Saturday 21 May 2011

Groucho

Am never drinking again. Apparently while I was dying with the phone off the hook yesterday, Barney tried to ring and tell me that I'd got the part in the Sugarwheat advert. Seems that Jamie Oliver has got his other half up the duff and wants to spend more time with the foetus. The bastard fucking thing was, they wanted to start filming yesterday evening. Well there goes another break, guess who got it? Well guess! Bloody Paul Ross! They waved a pound coin in his face and he leapt at the chance to dress as a sugared wheat fragment, twat.
After receiving the tragic news this morning I retired to my bed in the vain hope that nothing else would go wrong, I'd been tossing for a while when the phone rang, it was Barney again, seems that Michael Malonie is putting on an experimental production of a new play called "Stuff the government" which was written by Billy Bragg and some pleb called Reggie Hatstaff, I mean, what kind of name is Reggie in this day and age he sounds like a gangster.

After showering and dressing, I went to meet Michael - as he bade me call him - in the Groucho Club. After an hour of demanding to be let in and bathing the wounds inflicted by the Concierge, I was shown to my table and awaited Michael's arrival. To steady my nerves I had a couple of Vodkas, well, four or five actually. After about another hour Michael arrived with believe it or not Billy Bragg. I couldn't believe it, Billy Bragg in the Groucho!. Michael seemed to detect my surprise, and said " Oh sorry forgot to tell you that Billy would be joining us, hope you don't mind." At this point I felt every sip of the vodka I'd just drunk hit my brain. "No, ssis play after all he can do what he wants" I said less than eloquently. "Right" said Michael. "Hurgh," said I. Then Billy piped up. "I 'ate these elitist institutions usually but he wouldn't let me meet you in the Dog & Bone." I felt myself redden. "Erm dog and bone phone, right, fuck!" At this point I'd fallen off my chair and head butted a waiter in the testicles, he writhed in agony while trying to save face I asked him for another vodka.

"Right let's get down to it love"
"Don't fucking call me love you Bourgeois parasite"
"Not you darling was talking to Jeremy"
"Sorry"

The waiter dabbed the front of my Gaultier jacket I'd got residue from the Bloody Mary the waiter was carrying all over the front of it. Looked as if I'd been in a terrible accident, in fact several new arrival were seen to start and let out a gasp at the site of this bloodstained apparition being tended to by a buckled waiter with tears running down his cheeks.

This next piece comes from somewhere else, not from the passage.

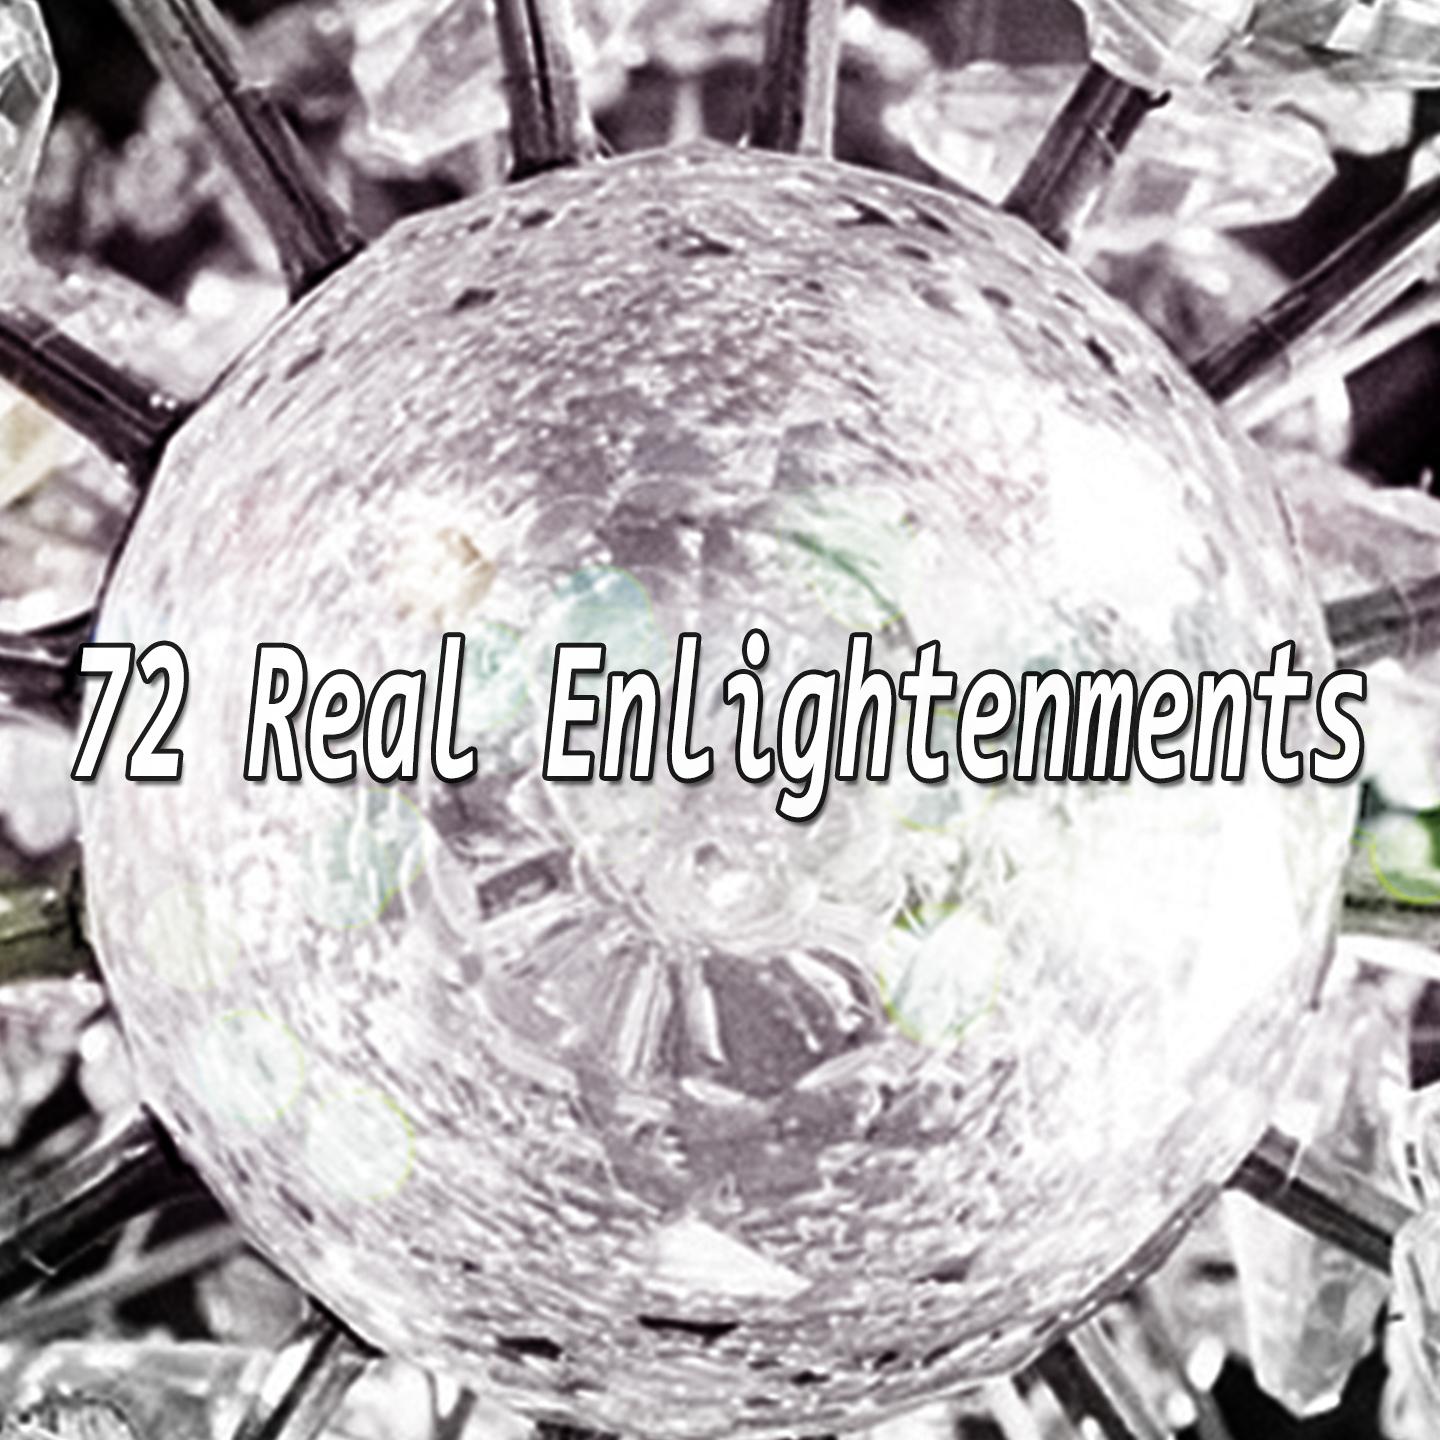 72 Real Enlightenments

"Right Micheal am so sorry think I've got a virus or something" He looked at me unconvinced. "Yes dear, Robert Stephens used to get the same virus most days," and I reddened more and took a large glug of the Vodka the waiter had just handed me.

Then without warning Billy leaned over and said "See that girl over there, look at the jugs on that." I looked over at a long legged blond girl who was just ordering a drink from the bar. "I'd shoot in her face eh!" I couldn't help myself it just crept out I opened my mouth and said "Urgh!" He seemed non plussed at this and cried "Oh fuck sorry mate I didn't realise you were a poof" Michael smiled patted my leg and said "Of course he is, he was shagging Jack Muscovites last month in LA, it was all over the US press, right lets order I'm starving"

"Oh, I don't buy newspapers," said Billy. "Anyway, I want to tell you about this new project. What I want to do is do a tribute to the greatest leader this country has ever had."

"Winston Churchill," I said while dabbing at my lapel with the table cloth.

"Do me a favour!" He exclaimed and pulled his guitar out of its case. "I mean Margaret Thatcher, the tender goddess whose like we'll never see again."

Then he started to play a song.

Oh Maggie, we love you.
Love, lovey, love you...

At this point I stood up and punched Bragg on the chin and he stopped playing and began sobbing into his prawn cocktail.

The rest of the dinner went without much more pantomime, apparently Michael sees my part as the hub around which the wheel of the entire play is woven, I made a comment that I didn't think that they wove wheels around hubs or some such and he said that I should try and get something for the virus.